__What is required__
Within the records that follow, restate exactly the lines from the line with "Tent Flag - Print Banners NYC" down to the line with "Man in a blue", including both. Omit the pictures.
** Opening Information block **
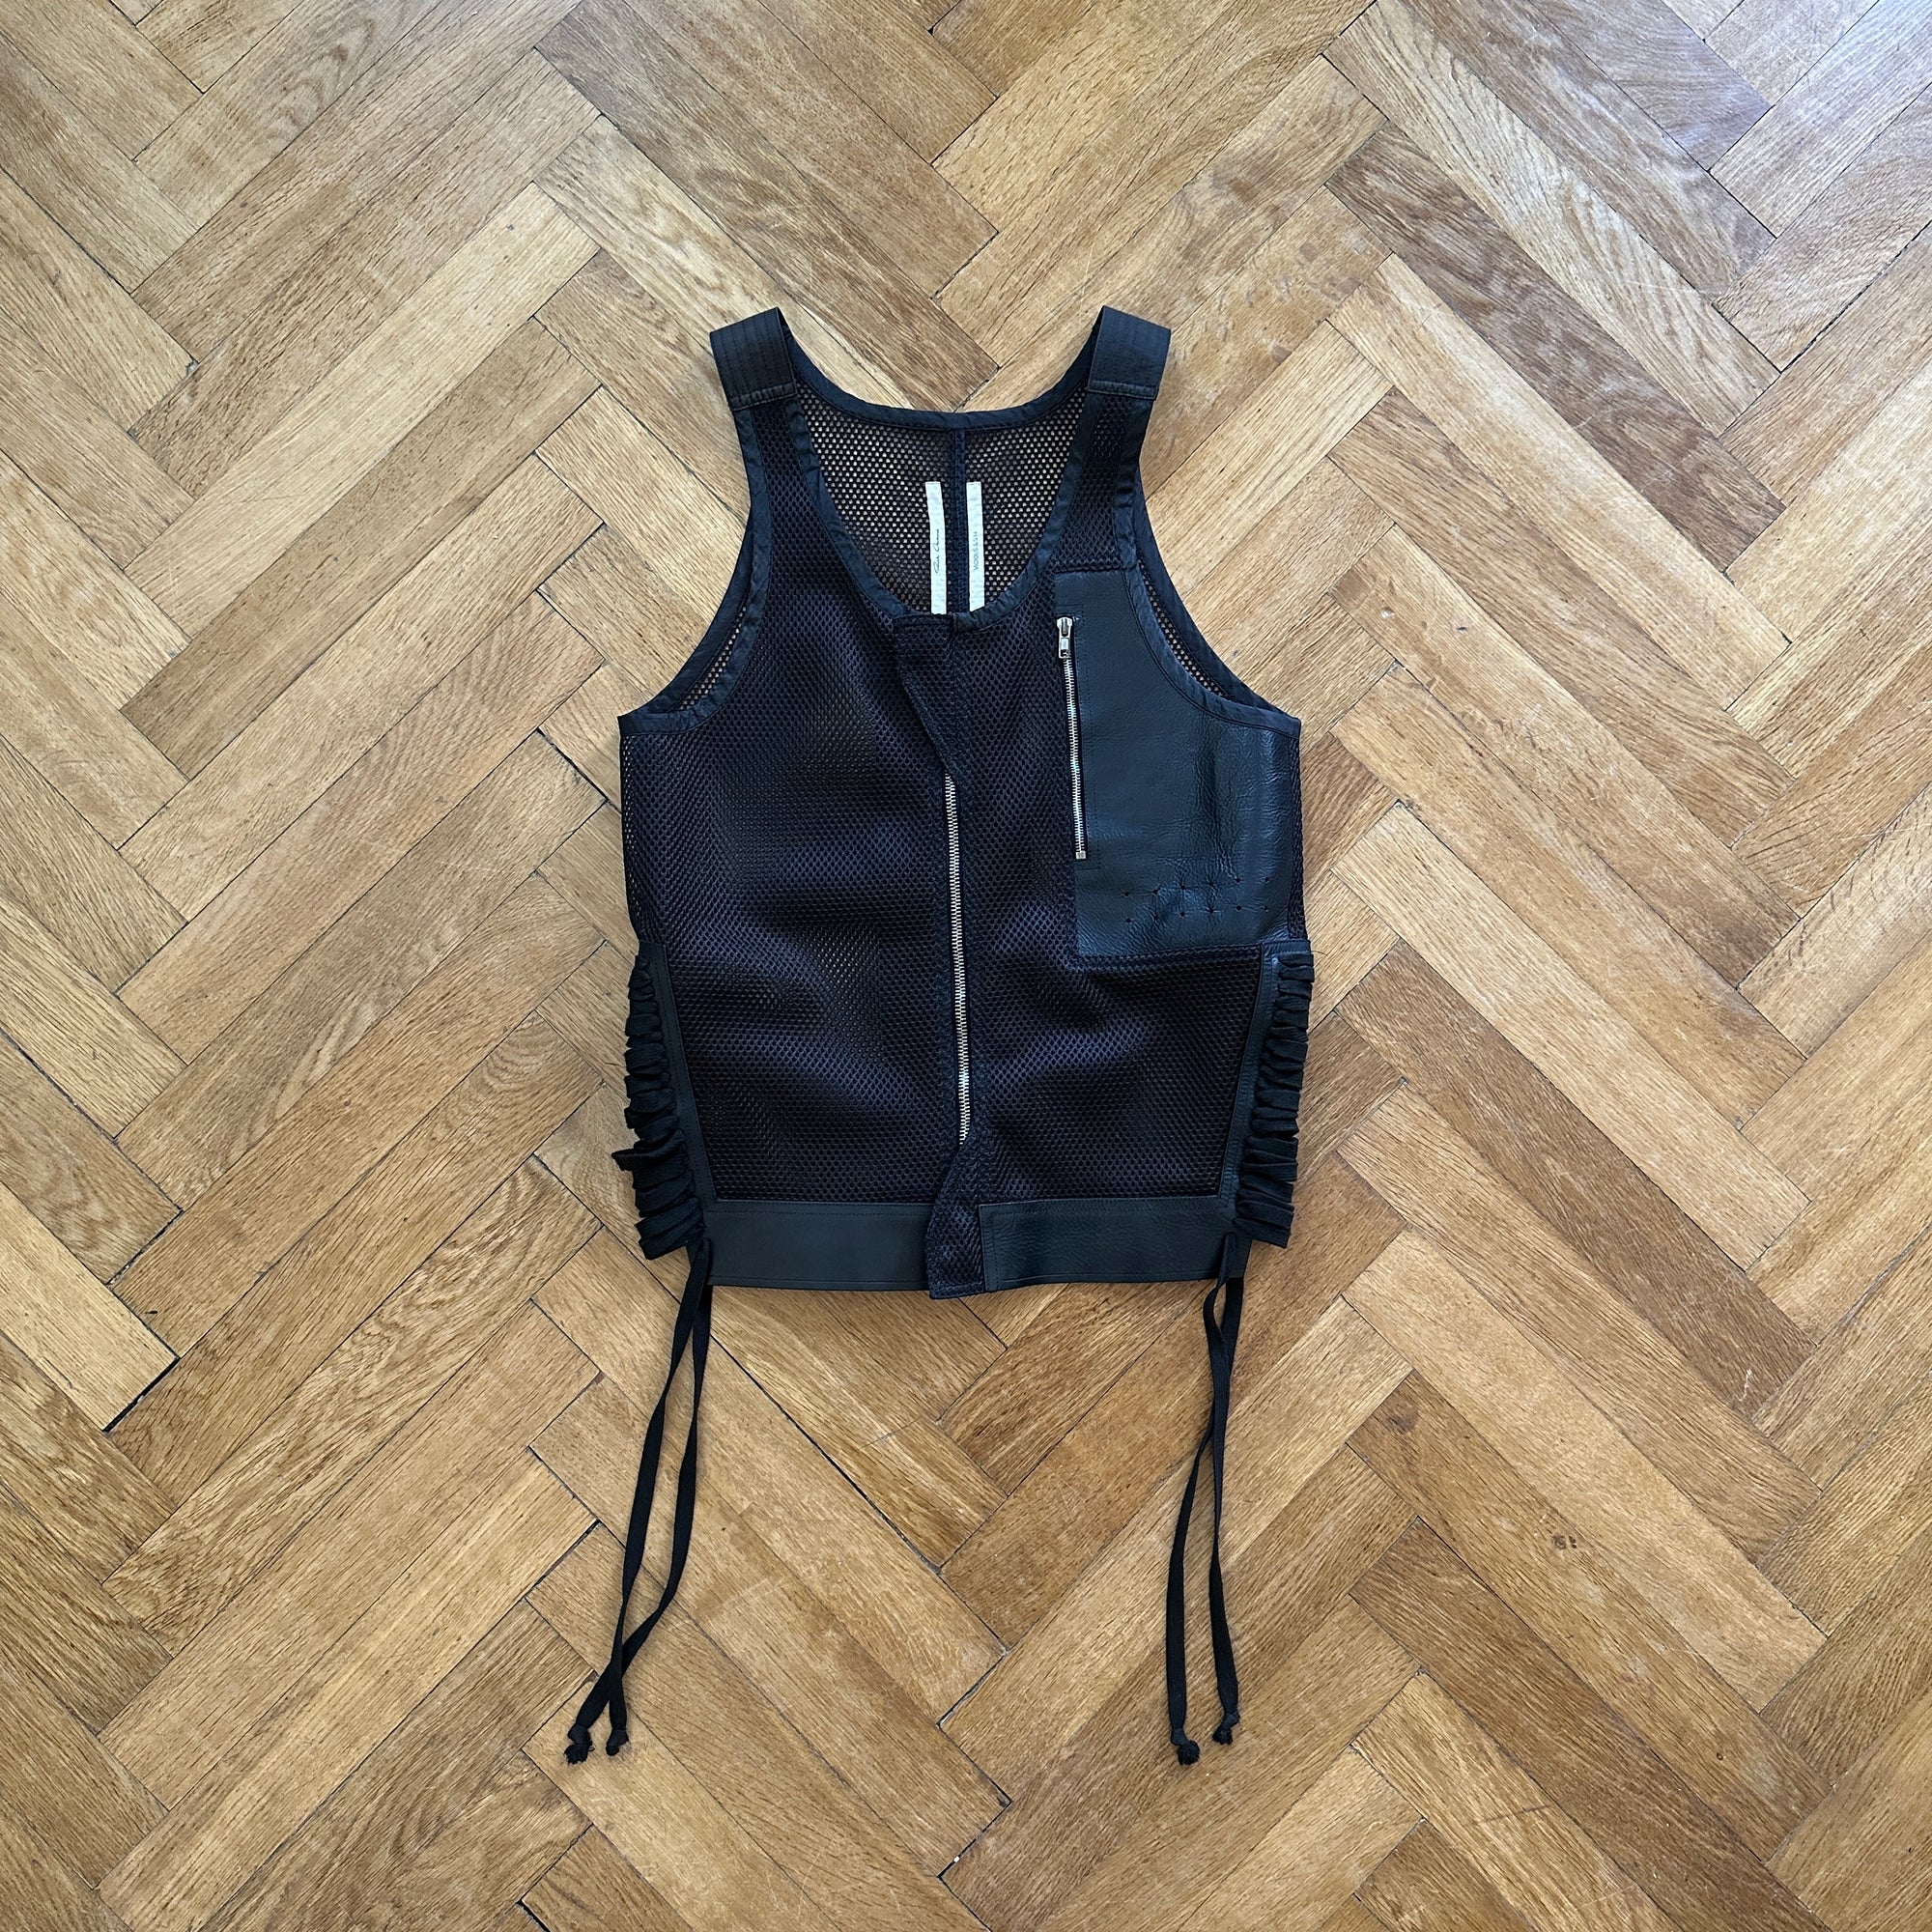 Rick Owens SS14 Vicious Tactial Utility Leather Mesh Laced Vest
** Closing Information block **
** Opening Information block **
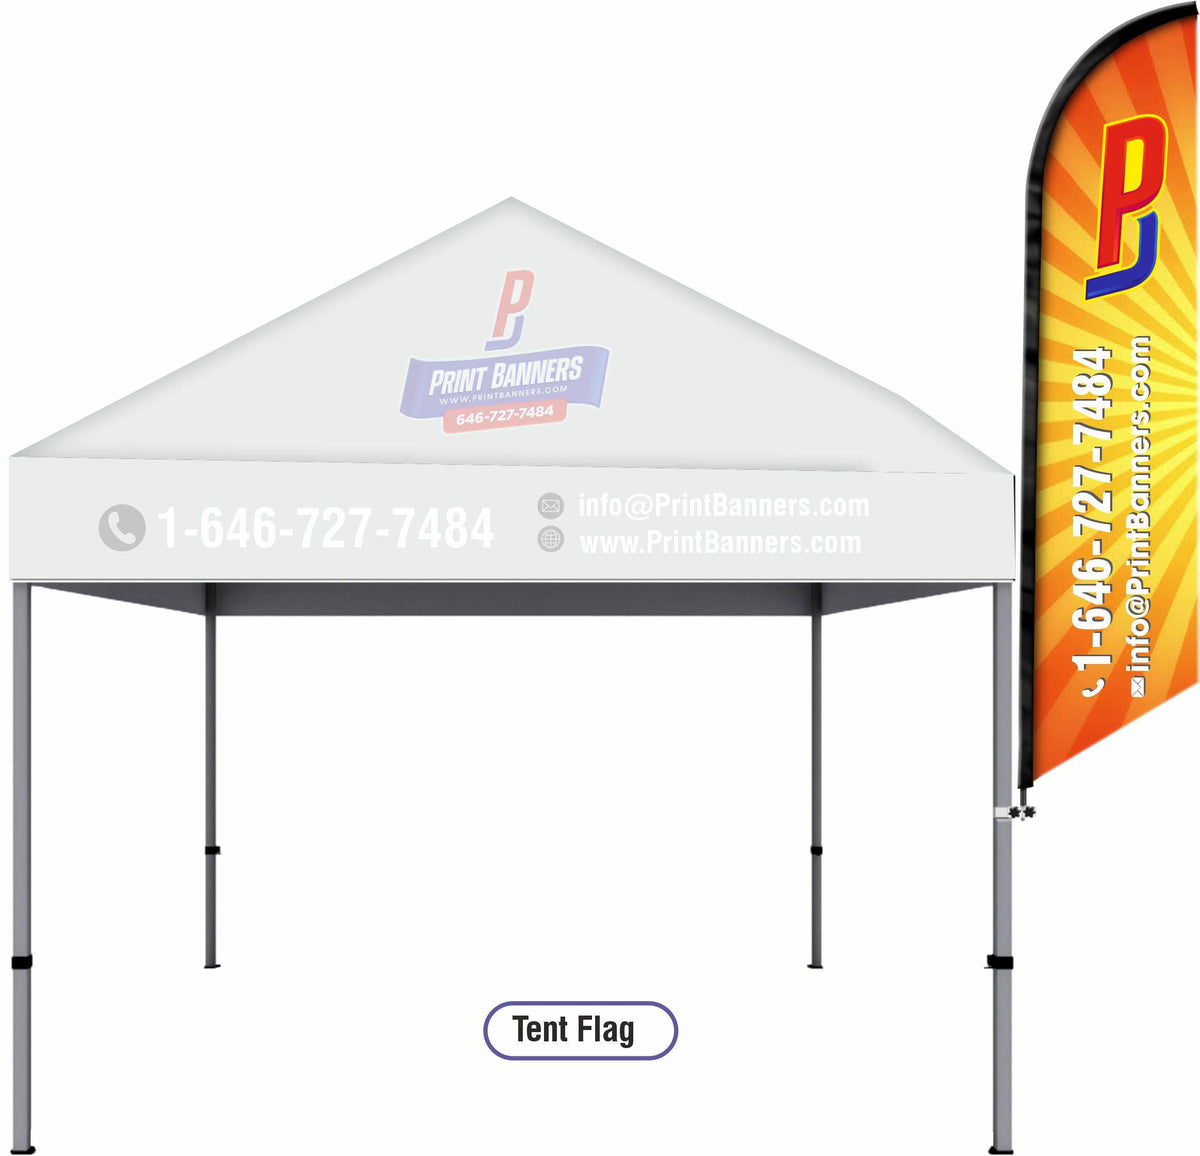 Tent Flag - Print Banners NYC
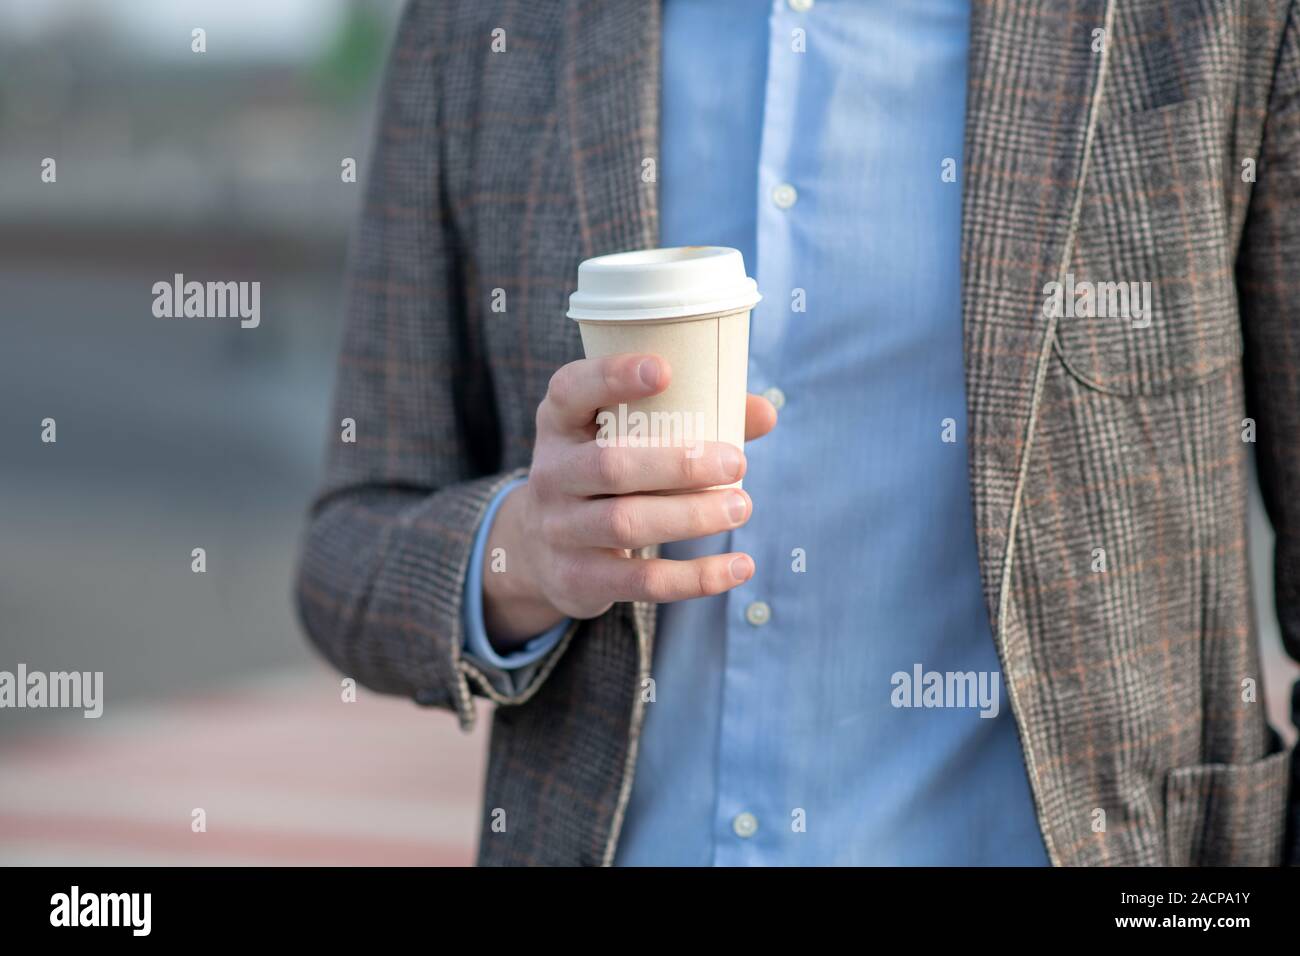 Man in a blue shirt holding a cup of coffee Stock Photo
** Closing Information block **
** Opening Information block **
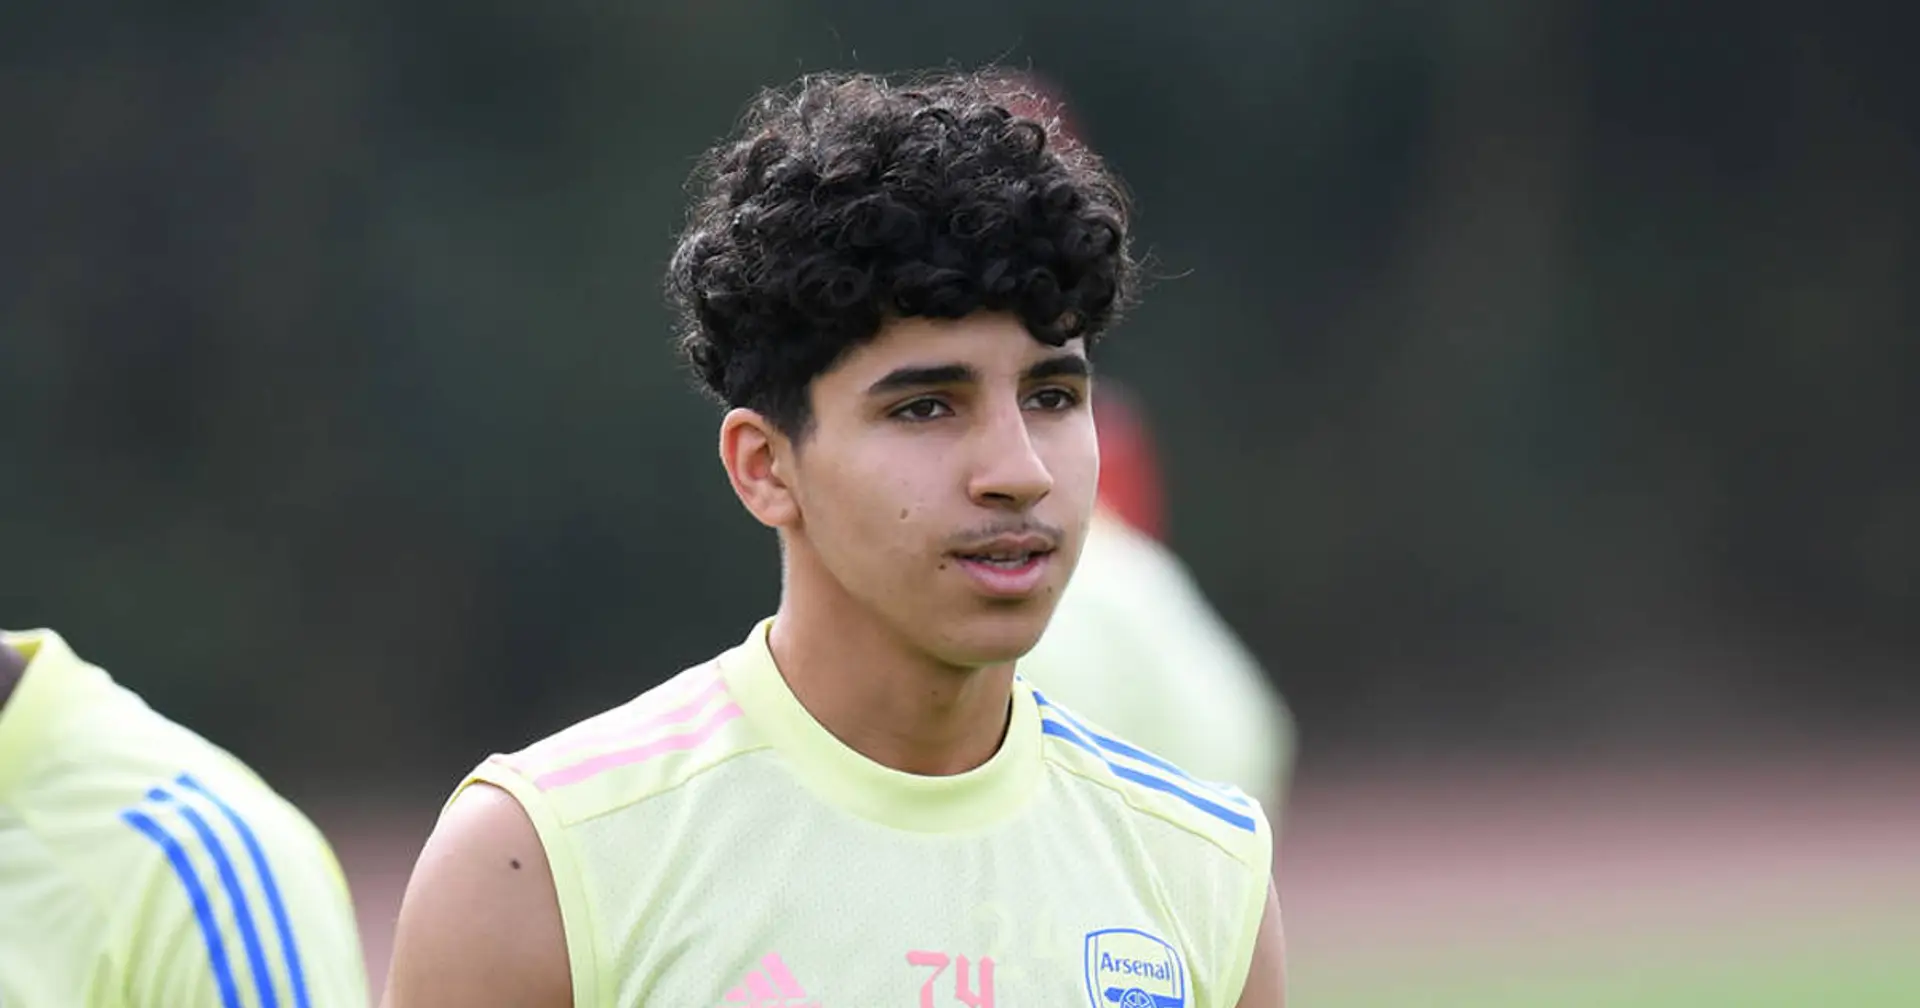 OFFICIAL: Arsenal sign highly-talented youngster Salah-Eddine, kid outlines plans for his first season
** Closing Information block **
__Solution to this problem__
 Tent Flag - Print Banners NYC
 Man in a blue shirt holding a cup of coffee Stock Photo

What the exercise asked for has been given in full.